When the chain shuttered after the Metro Media bankruptcy, the loss felt, to him, like more than the disappearance of a restaurant; it was the closing of a familiar emotional room. The revived company, now controlled by Paul Mangiomelli, who bought the intellectual property, the recipes, the training systems and the whole operating memory of the brand, and has been working to bring it back in a way that feels old in spirit but current in execution.
The Anderson location is being positioned as a prototype. Benca said the plans call for a ground-up build of about 6,500 square feet, perhaps larger, with some al fresco dining, the famous salad bar, the brown bread and the Tudor-style atmosphere that once made Steak and Ale feel like a special-occasion restaurant without making it inaccessible. It is meant, he said, to be warm and cozy, but also professional enough for business lunches and polished enough for date nights.
Benca was careful to say that the new restaurant is not meant to compete with McGee’s so much as complement it. McGee’s, in his view, serves a more casual role; Steak and Ale will fill another lane, one that may pull in diners from Greenville, Clemson, Seneca, north Georgia, and the interstates that make Anderson a kind of midpoint between larger cities and smaller habits. He sees the county as geographically well placed for that kind of stopover dining, especially for people looking for something familiar but hard to find elsewhere.
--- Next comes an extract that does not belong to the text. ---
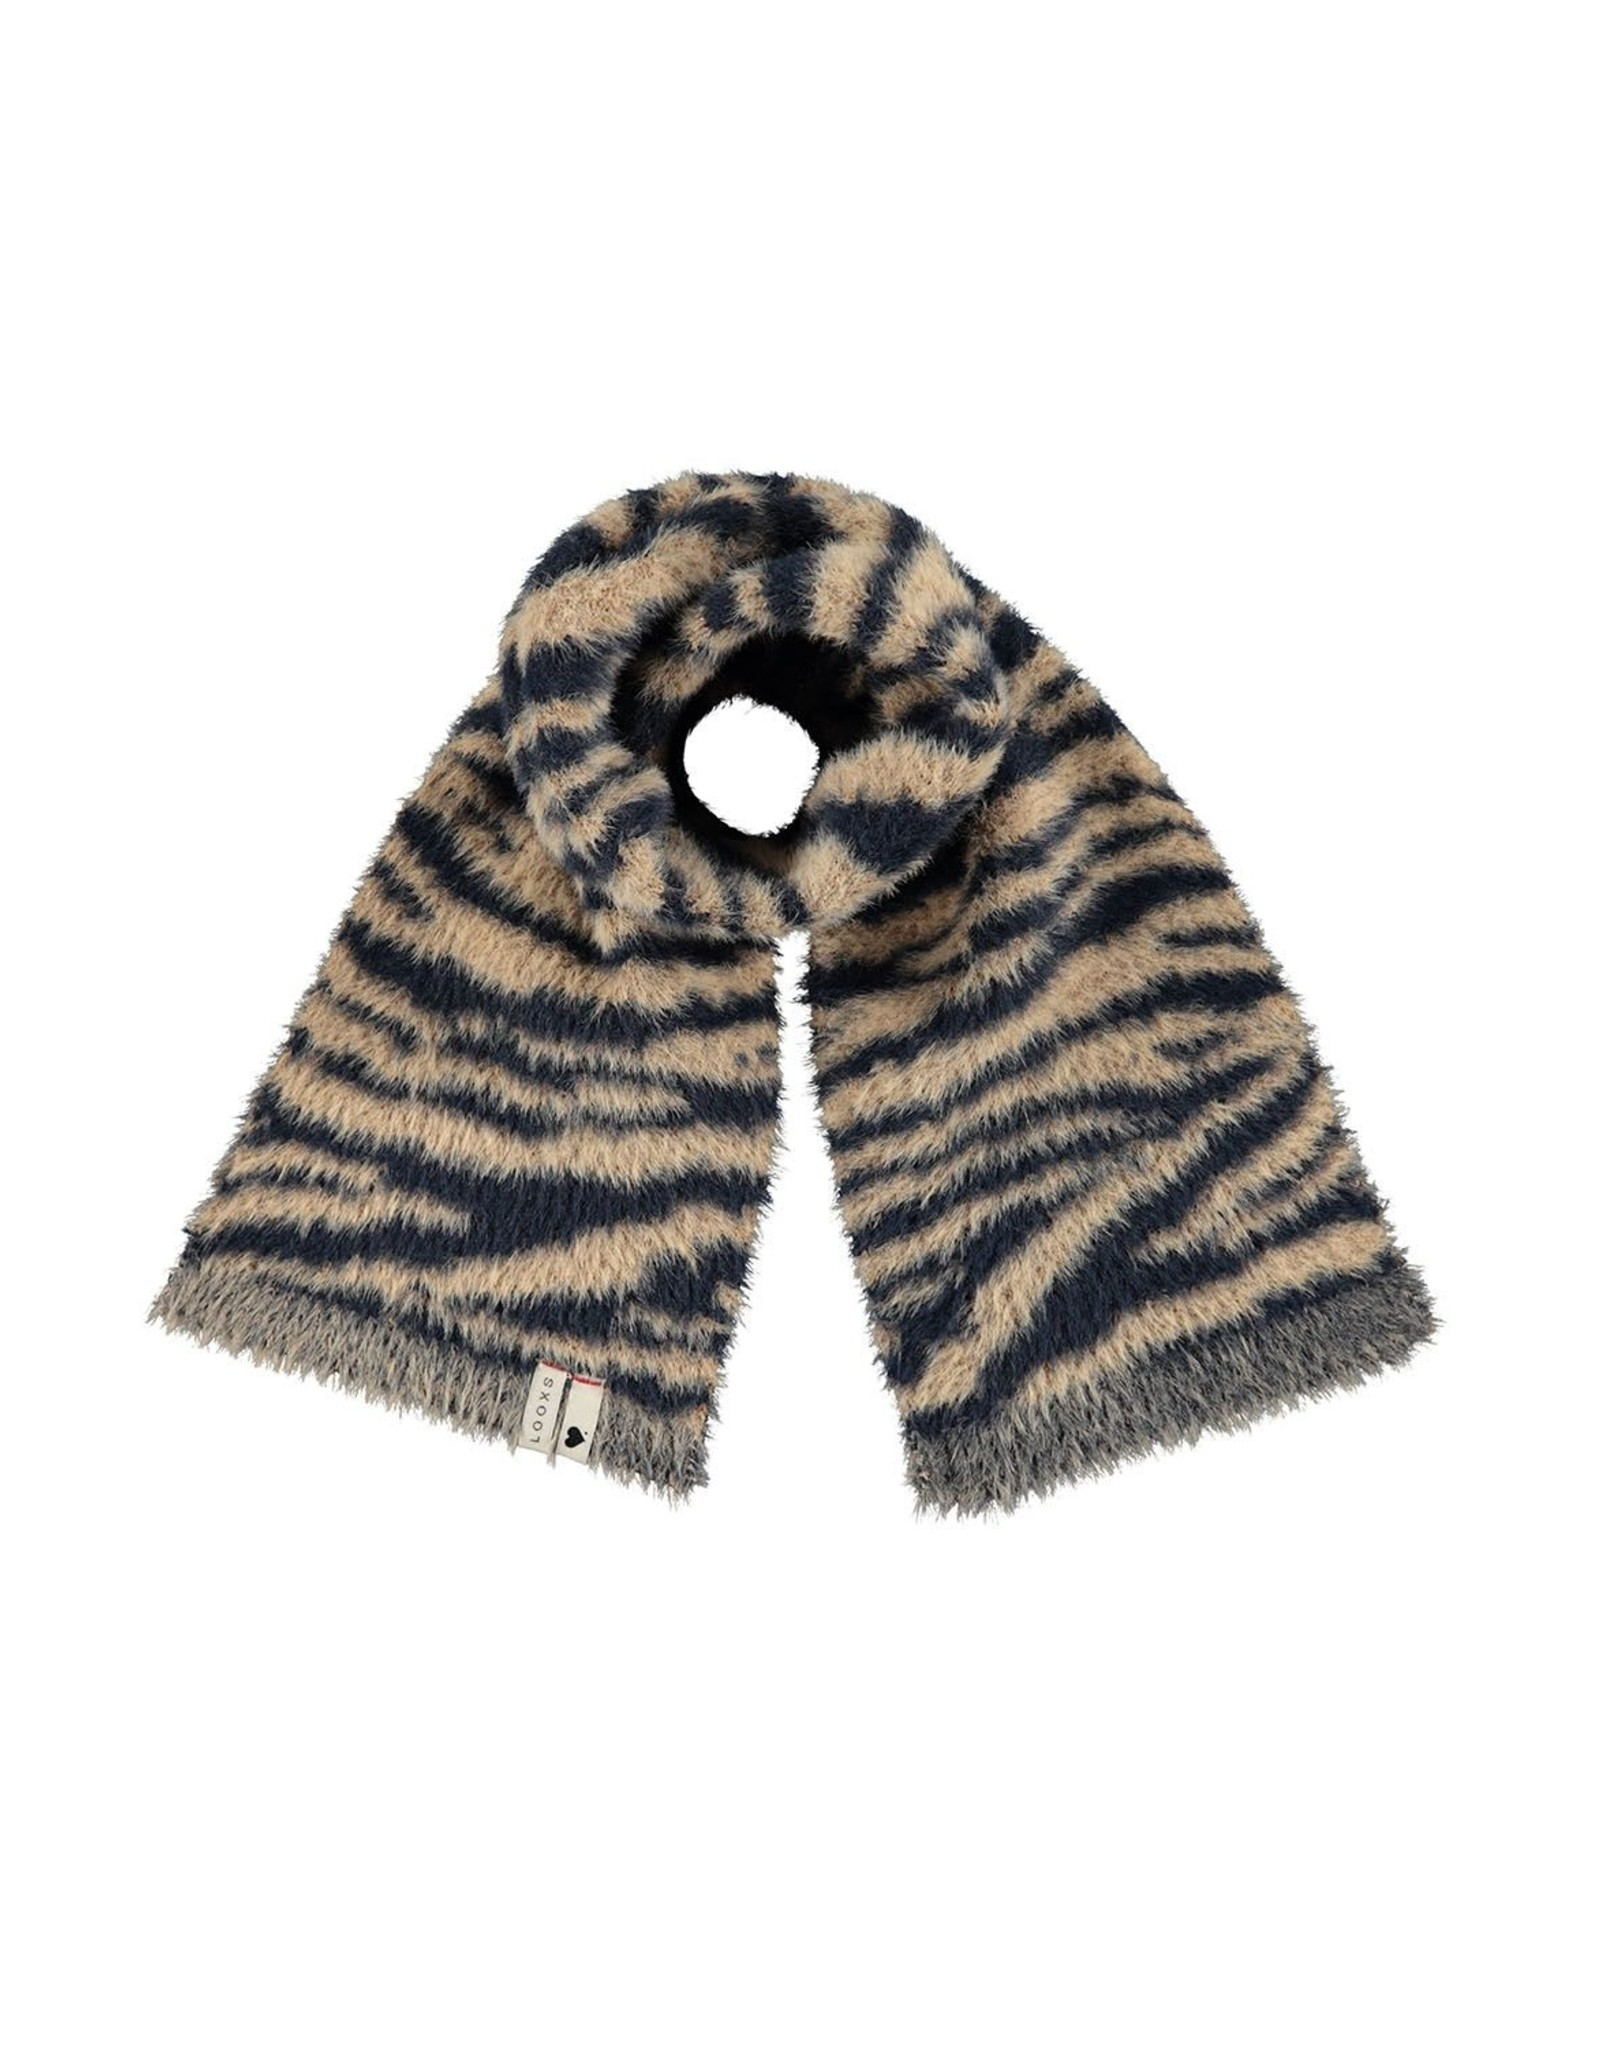 Looxs Little Little scarf hairy knit zebra

Benca said the team is negotiating with property sellers, working with contractors and corporate on design details, and hopes to announce a site within a couple of months. If all goes well, he said, the restaurant could open by the second quarter of 2027, with summer the goal and football season the deadline. It is a business timeline, which is to say that it is both precise and full of caveats.
His understanding of finance is deep and wide, as he serves as Anderson County’s Auditor, an office to which he was elected in 2022.
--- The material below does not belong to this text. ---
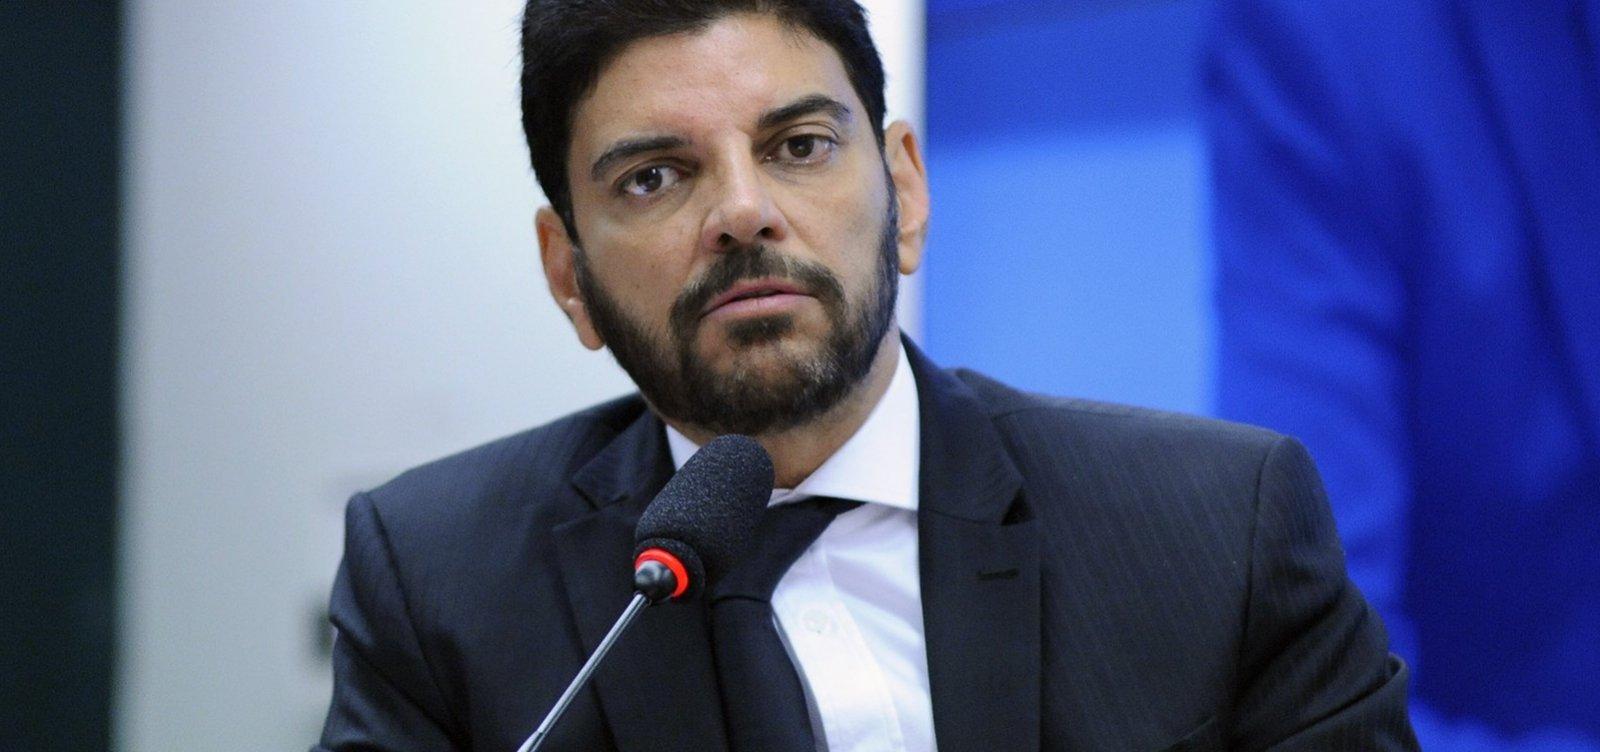 Coaf: Cajado diz que votaria contra orientação do PP

He also expects the project to create up to 80 additional jobs and to serve as a training location for the brand in the South. That, too, reflects the larger strategy: not just opening a restaurant in Anderson but using Anderson as a place where the company can establish its own southern foothold.
Benca said that when people hear about the return of Steak and Ale, many react as if a long-missing favorite has finally come back into view. He takes that response seriously, looking at the restaurant is not only a business opportunity but a way to feed memory itself.
When he and Dixie sit down to order their first meal and Anderson’s Steak and Ale, he said his choice will be the chain’s iconic prime rib (“a big, juicy one”), something not common locally. It is a quiet bet that the path to rebuilding an American classic is paved with both seared meats, and a profound, unapologetic sentimentality.